Prezado especialista,

Tudo bem?

Espero que sim.

Tomei a liberdade de dirigir-lhe essas mal traçadas (se elas chegarão ao destino só a posteridade dirá) primeiramente para parabenizá-lo pela entrevista concedida a Gilberto Amendola, de O Estado de S. Paulo, e publicada nesta segunda-feira (12) cujo título decreta: redes sociais não têm o poder de eleger ninguém. Matéria original aqui: http://bit.ly/2DlJMJ8

Esta entrevista tem causado um verdadeiro furor no mundinho do marketing político digital, do qual este escriba faz parte. Não se fala em outra coisa em minha timeline – uns a favor, outros contra e a maioria concordando com ressalvas – e isso é ótimo!

Explico. Na entrevista o senhor (vou tratá-lo assim, pelo respeito do qual é merecedor), involuntariamente, enfia o dedo na ferida de uma falsa dicotomia que domina as discussões em nosso mercado: de um lado a turma do marketing político old school – para a qual o marketing digital é apenas um apêndice do marketing político tradicional, coisa da meninada que ‘mexe’ com internet nas campanhas. Na trincheira oposta estão os profissionais que atuam no digital, os quais acusam os marqueteiros tradicionais de defasados ou de não entenderem a internet. Nerds x dinossauros? Não tem santo nem diabo nessa história.

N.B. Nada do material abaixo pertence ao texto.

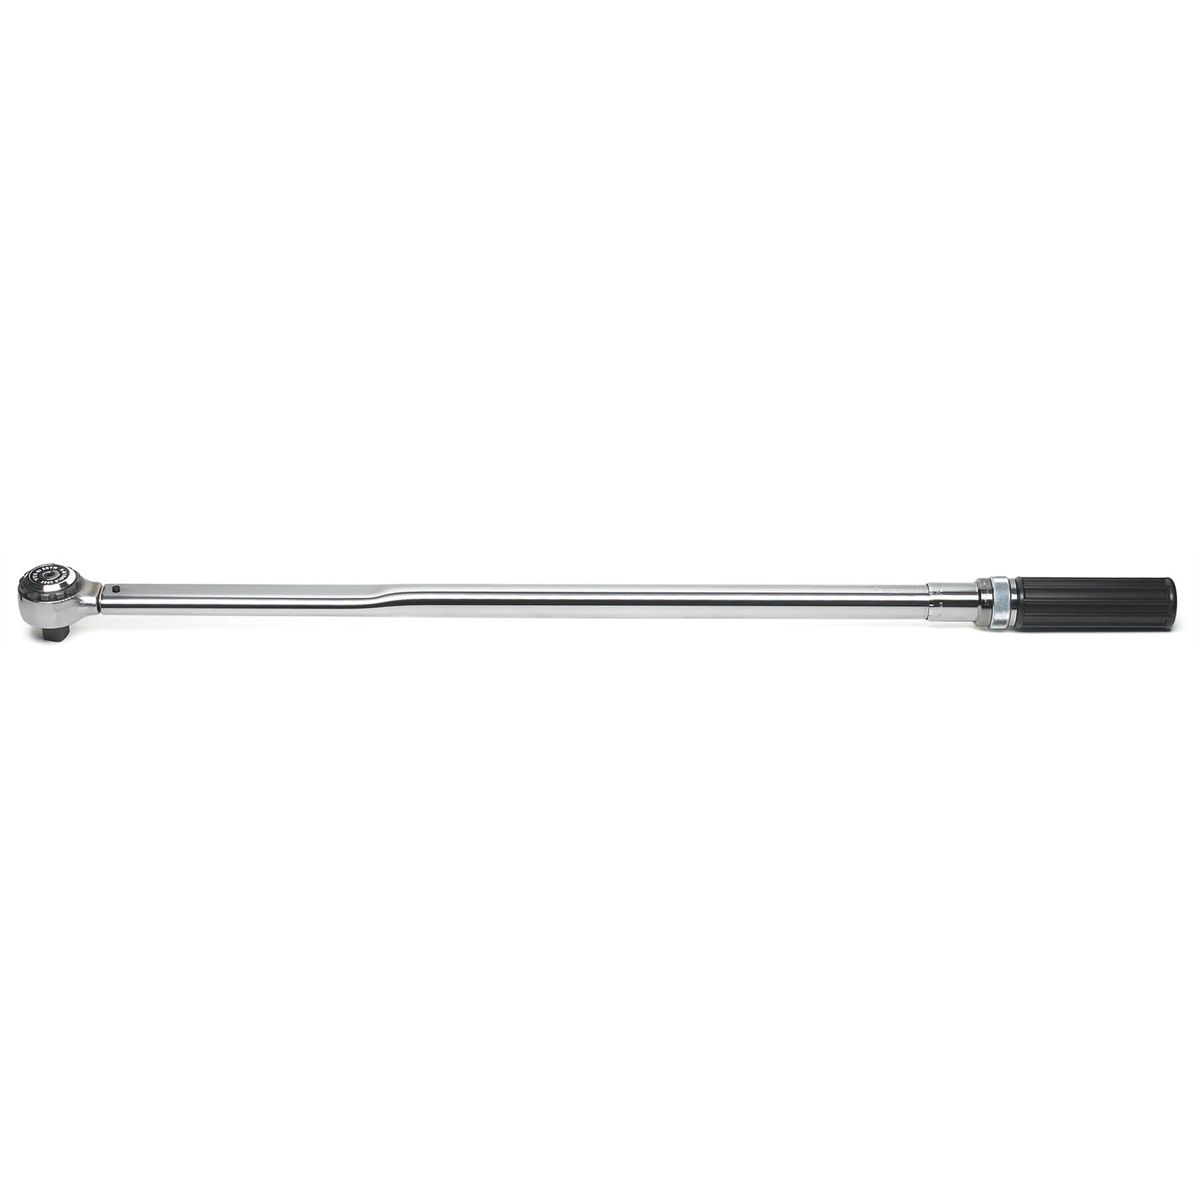 3/4 Inch Micrometer Torque Wrench - 100-600 ft-lbs

No entanto, não obstante suas opiniões terem o mérito inequívoco de lançar luz sobre um tema pertinente e atual, com a devida vênia opinarei sobre alguns pontos que considero simplistas, outros parciais e alguns até mesmo equivocados – esta é a razão de ser desta “carta”.

Confesso que a tarefa é desafiadora: contrapor ideias e pensamentos de um profissional com credenciais tão robustas – as grifes FGV e Harvard em seu currículo são, no mínimo, intimidadoras. Mas se as redes sociais servem para alguma coisa é para o velho e bom debate, não é mesmo?

Feitas as considerações iniciais, tenho uma dúvida a esclarecer:

– Ao afirmar que rede social não elege ninguém o senhor se referiu ao conjunto de mídias sociais do qual fazem parte Facebook, Instagram, Twitter e outros? Se sim, concordo plenamente com sua assertiva e paro a conversa por aqui.

– Ou o senhor confundiu ou deliberadamente comparou as redes sociais com o conjunto de estratégias e ações de comunicação que os politicos podem utilizar por meio da internet, da telefonia celular e outras mídias digitais, os quais chamamos genericamente de marketing digital? Se foi este o caso, precisamos conversar.

Vou partir do pressuposto de que o segundo tópico está correto, ok?

Eu cheguei a anunciar para os meus amigos e colegas de atividade do Facebook que escreveria um artigo sobre sua entrevista, mas não cheguei a tanto. Chamemos de apontamentos aleatórios.

Então, vamos lá!

O senhor está coberto de razão ao afirmar que as redes sociais não têm o poder de eleger ninguém. Se mal utilizado o marketing político digital não leva o candidato a lugar nenhum. Mas concorda comigo que este mesmo princípio também se aplica ao marketing tradicional, à utilização da TV, do rádio e também à dita campanha de rua?! Maus marqueteiros, sem estratégias ou com estratégias ruins, derrubam qualquer campanha, independente dos meios e canais. Não devemos culpar as tecnologias. No final a culpa é sempre do homem e não da “máquina”.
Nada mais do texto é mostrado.